The Mumbai bench of the Customs Excise & Service Tax Appellate Tribunal (CESTAT) has held that an order of confiscation under the Customs Act, 1962 along with the consequential penalties under the Act, cannot be invoked without corroborating the evidence.
The appellant, Karim Jaria had filed an appeal before the tribunal challenging the proceedings pertaining to the cranes.
He stated that Crown Lifters imported nine 'used cranes' of varying specifications between 11 February 2005 and 12 February 2007 and five consignments of 'used cranes' between 23 January 2008 and 23 February 2010. He voluntarily deposited an amount of Rs.1,50,00,000 towards differential duty.
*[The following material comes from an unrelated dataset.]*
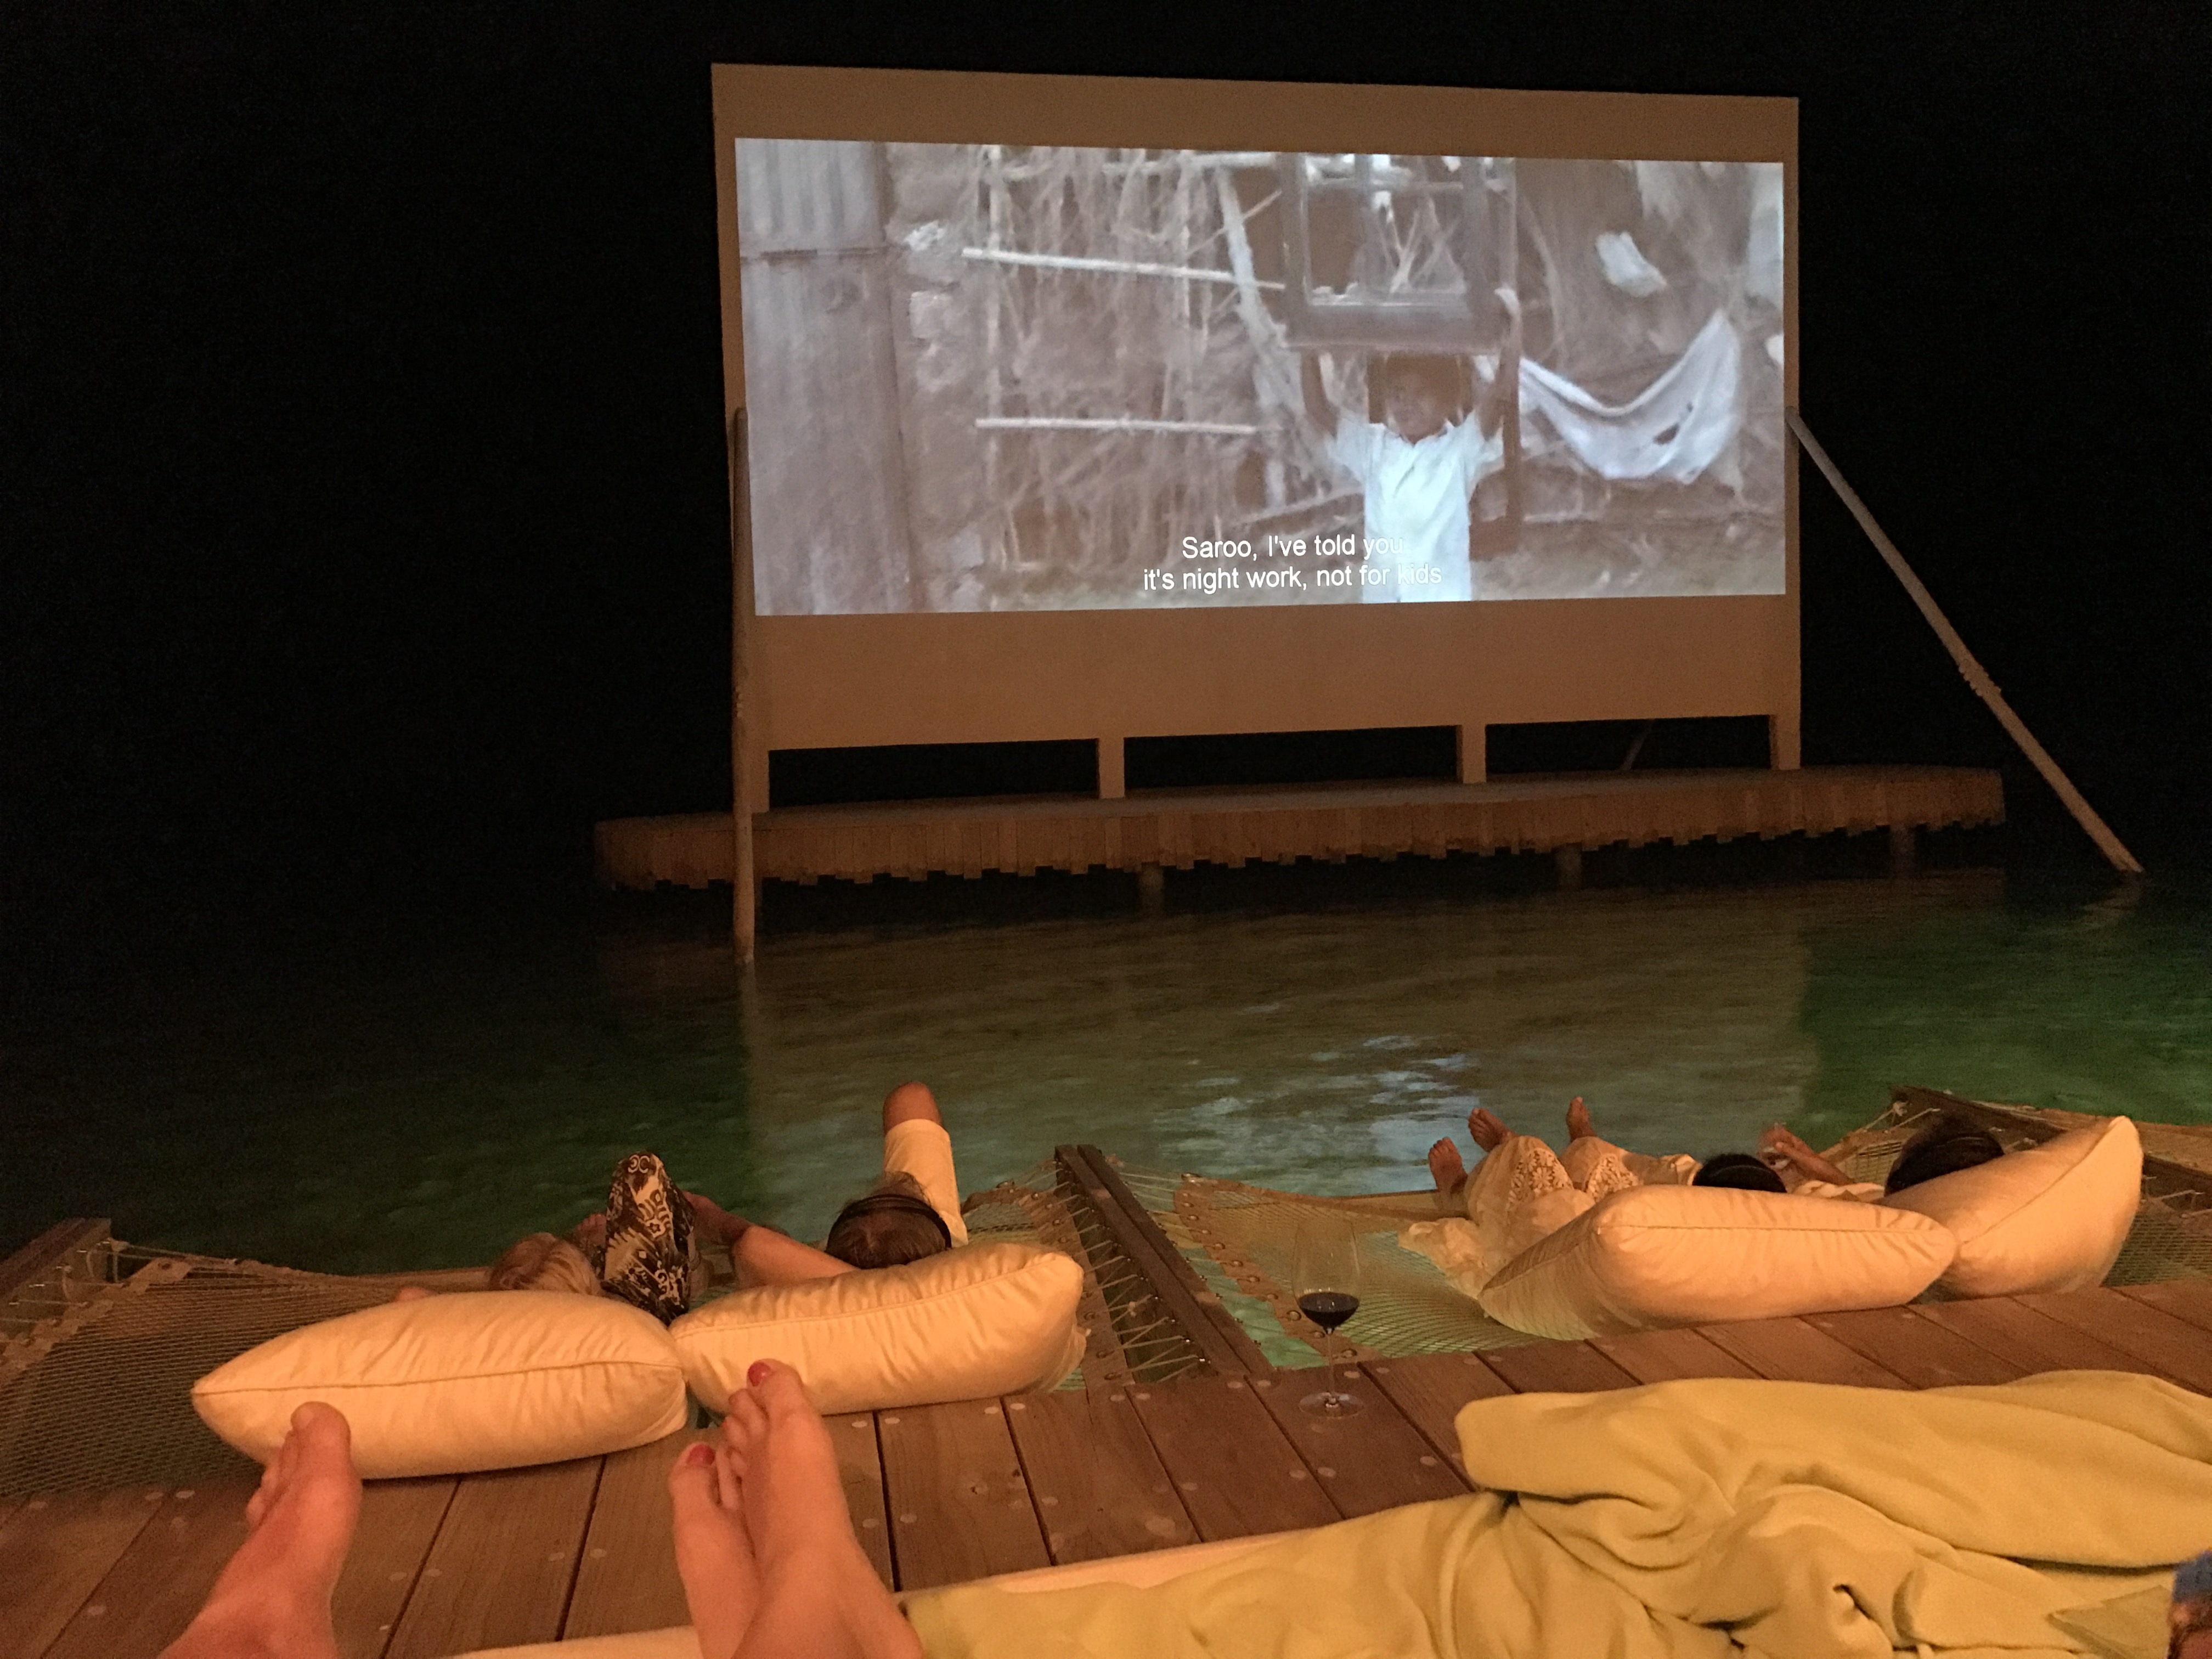 Overwater Bungalows Maldives Islands: Cinema Paradiso

However, the tribunal did not find any such proposal in the show-cause notice, which had only made a note of the deposit made voluntarily. The tribunal, thus, held the order of the adjudicating authority (AA).
The Coram of Judicial Member Ajay Sharma and Technical Member C J Mathew viewed that the 'acceptance' of the voluntary payment was beyond the framework of the proceedings as determined by the proposals in the show-cause notice. There was no ascertainment of the actual purchase price of each of the nine 'used cranes'.
The bench ruled that the remand order violated the principles of natural justice in the absence of cross-examination. It observed that in absence of any evidence to support the allegation of undervaluation, the re-determination of the assessable value was not in accordance with the law under the Customs Valuation (Determination of Price of Imported Goods) Rules, 2007.
The bench set aside the order for confiscation of the 'used cranes' imported by both entities under the Customs Act, 1962 along with the consequential penalties under the Act.